Sure I like a lot of what I see, but it’s the rare one that gets under your skin and you can’t help but want more.
Some would say it’s easy to fall in love with a horse: they’re gorgeous creatures born to be the best athletes on the planet.
We’ve all seen the dappled out, well-defined muscles of a top class Thoroughbred unfurling a long stride or unleashing a powerful closing kick: when it’s done right, it takes your breath away.
I suppose I issue a silent challenge to each and every horse I see: make me a believer. The trick to watching horses day in, day out is to do more than develop an eye for a nice worker: you have to train your gut to know that what you’re seeing is special. That takes time and sometimes can be different than what you see on paper.
Take Force Freeze: at last year’s Breeders’ Cup, obviously he had the talent to belong in the Sprint field, but his past performances didn’t scream “love me!” in my book. He made a fan out of me with his gritty runner-up finish, but it wasn’t until we all shipped south to Gulfstream that I really got to see what the big near-black horse was all about. He showed up on the Miami oval one day and you couldn’t help but notice him: he was like David Beckham walking into Kroger – he stood out.

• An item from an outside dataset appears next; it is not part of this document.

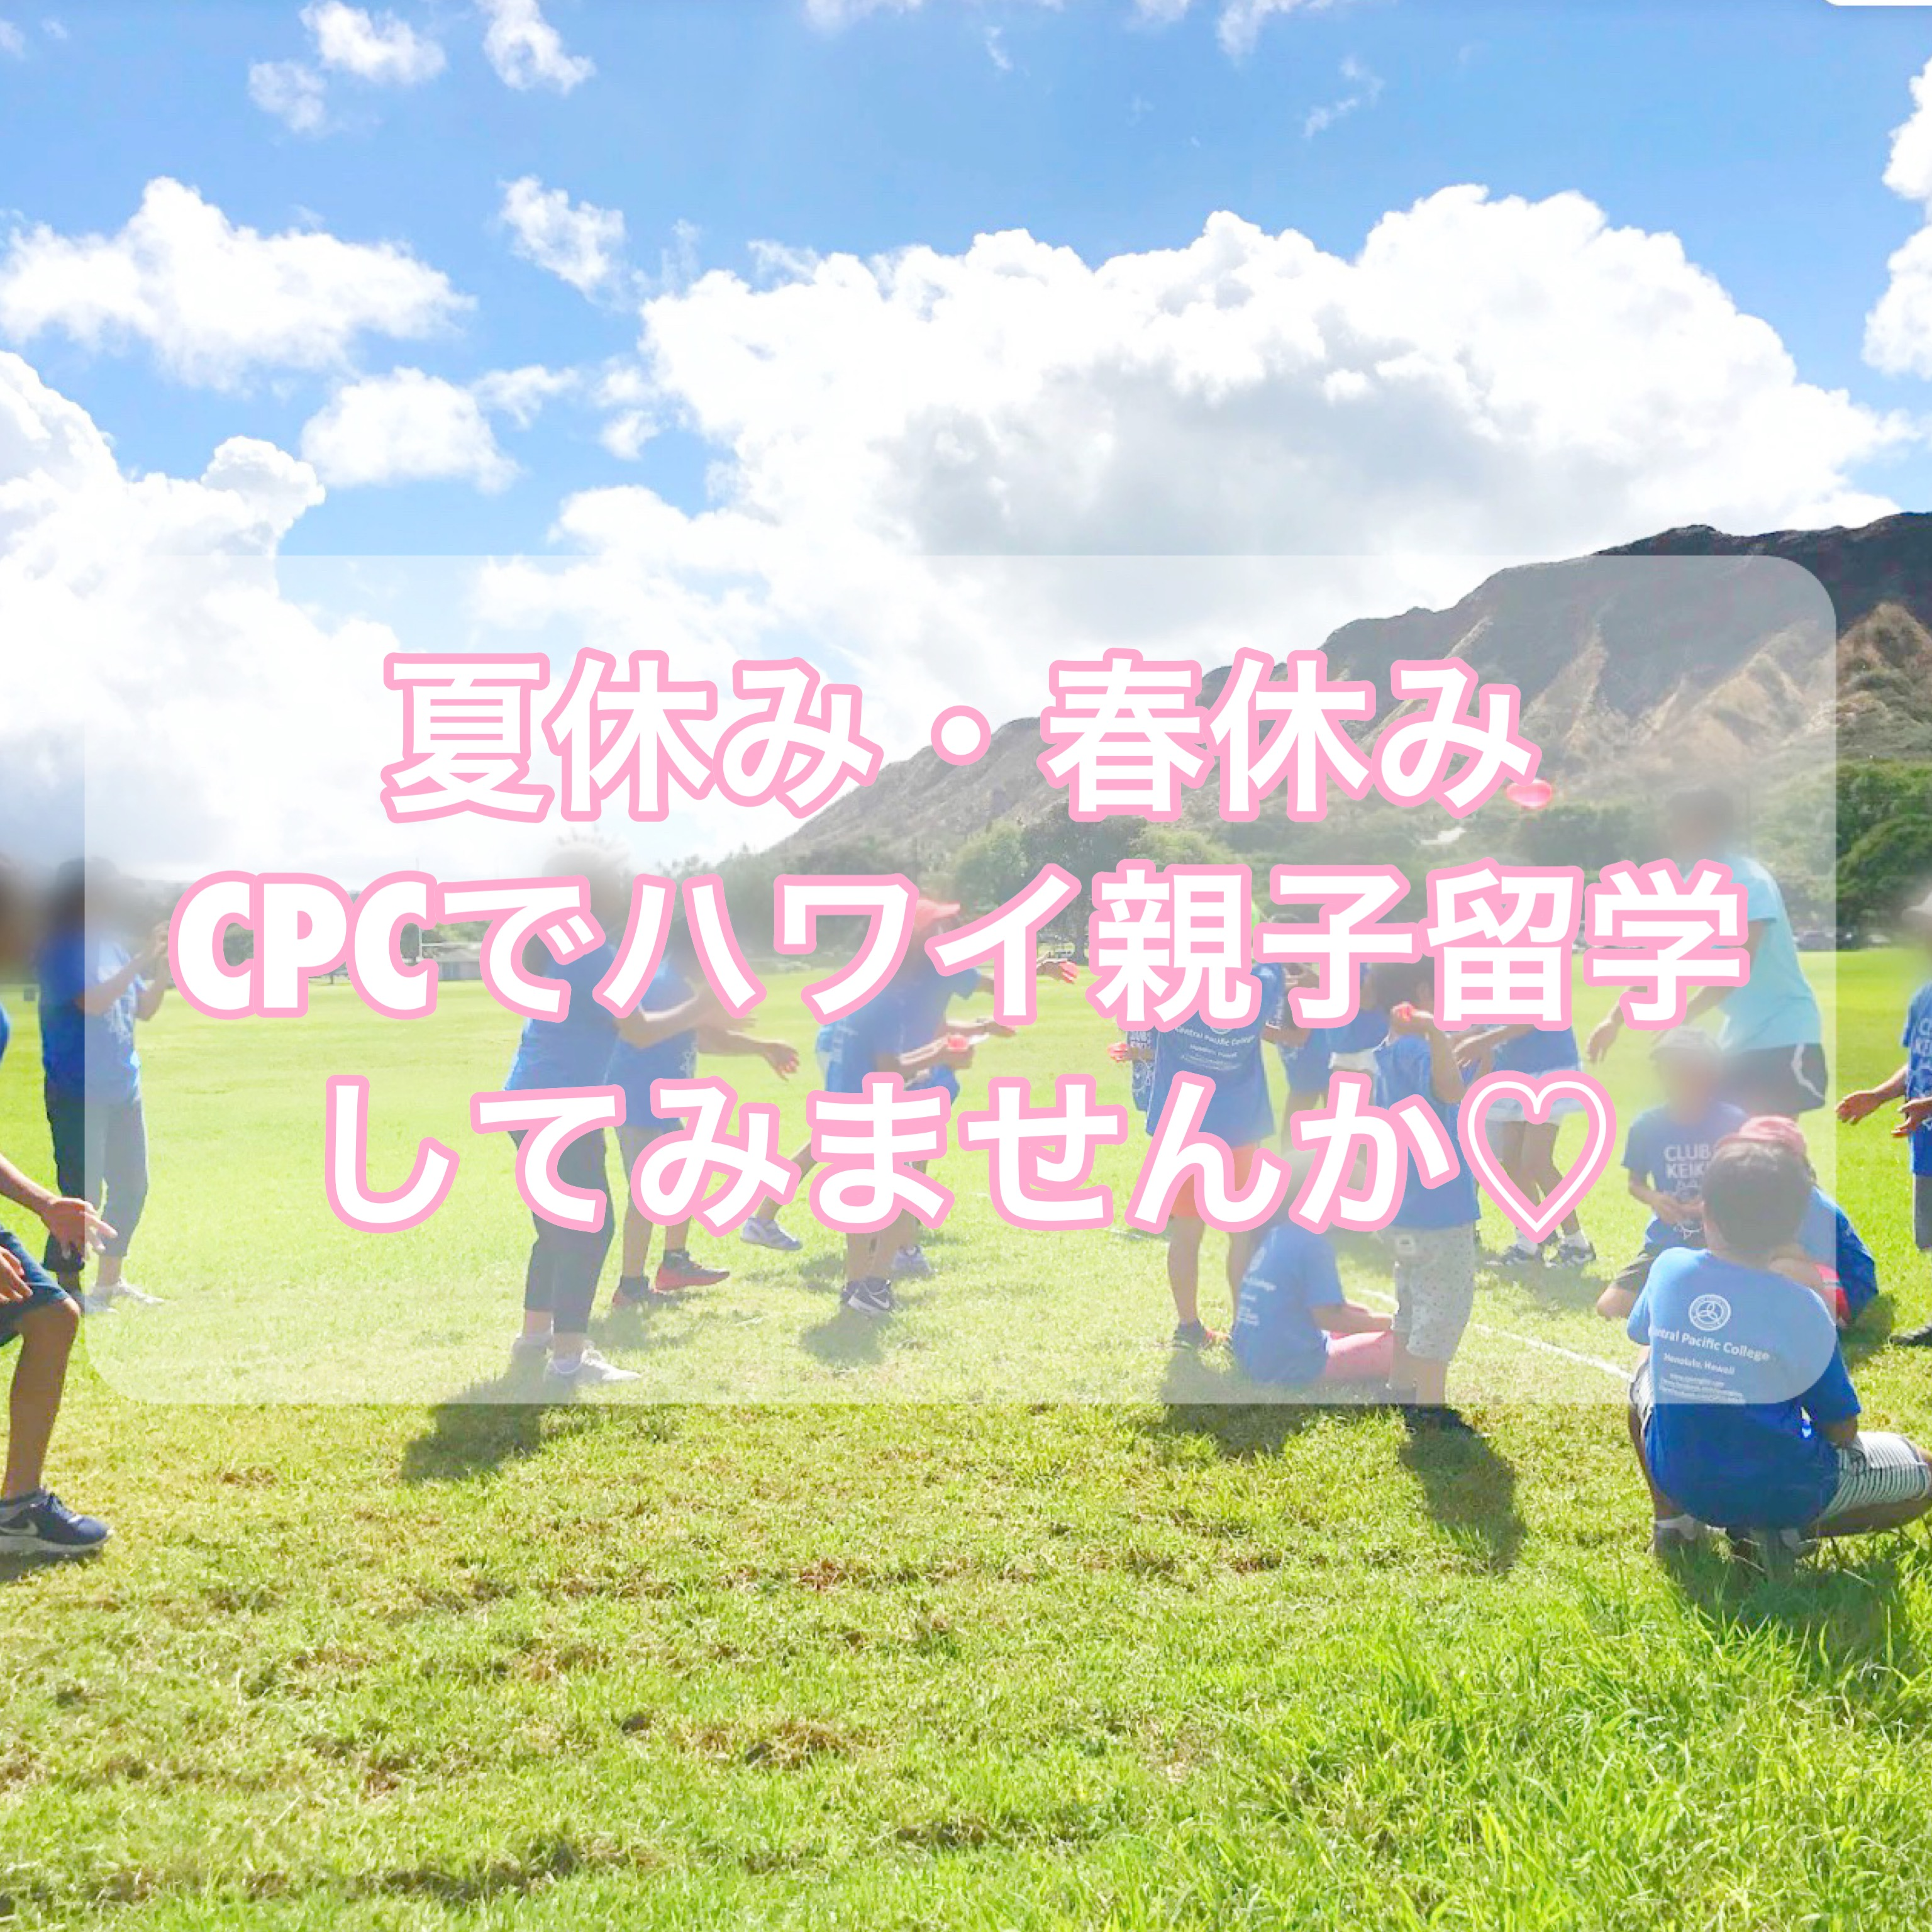 【ハワイ親子留学】夏休み・春休みにCPCキッズプログラム「クラブケイキ」【費用】

But it wasn’t the times he turned in that had me drooling: it was the effortless way he worked. Every time he came out – for a work or just a gallop – he made being a racehorse look easy.
Tyra Banks talks about this concept of top international runway models having “wind in their hair” even when they don’t have a wind machine to walk at. Force Freeze had that, Animal Kingdom certainly does, and so does Shackleford most days. It’s this aura, this internal glow that sets them apart from everyone else.
Learning to spot the horses that make your heart sing is a lot like dating: you’re going to see a lot of junk before you realize what’s right. And no two people will have the same shortlist of favorites: some people are partial to the more J-Lo booty’d sprinter, others the leggy’d lovely like Heidi Klum.
Me? I don’t have a type. All I ask is they catch my eye and keep my interest… and you can do that on sheer talent alone.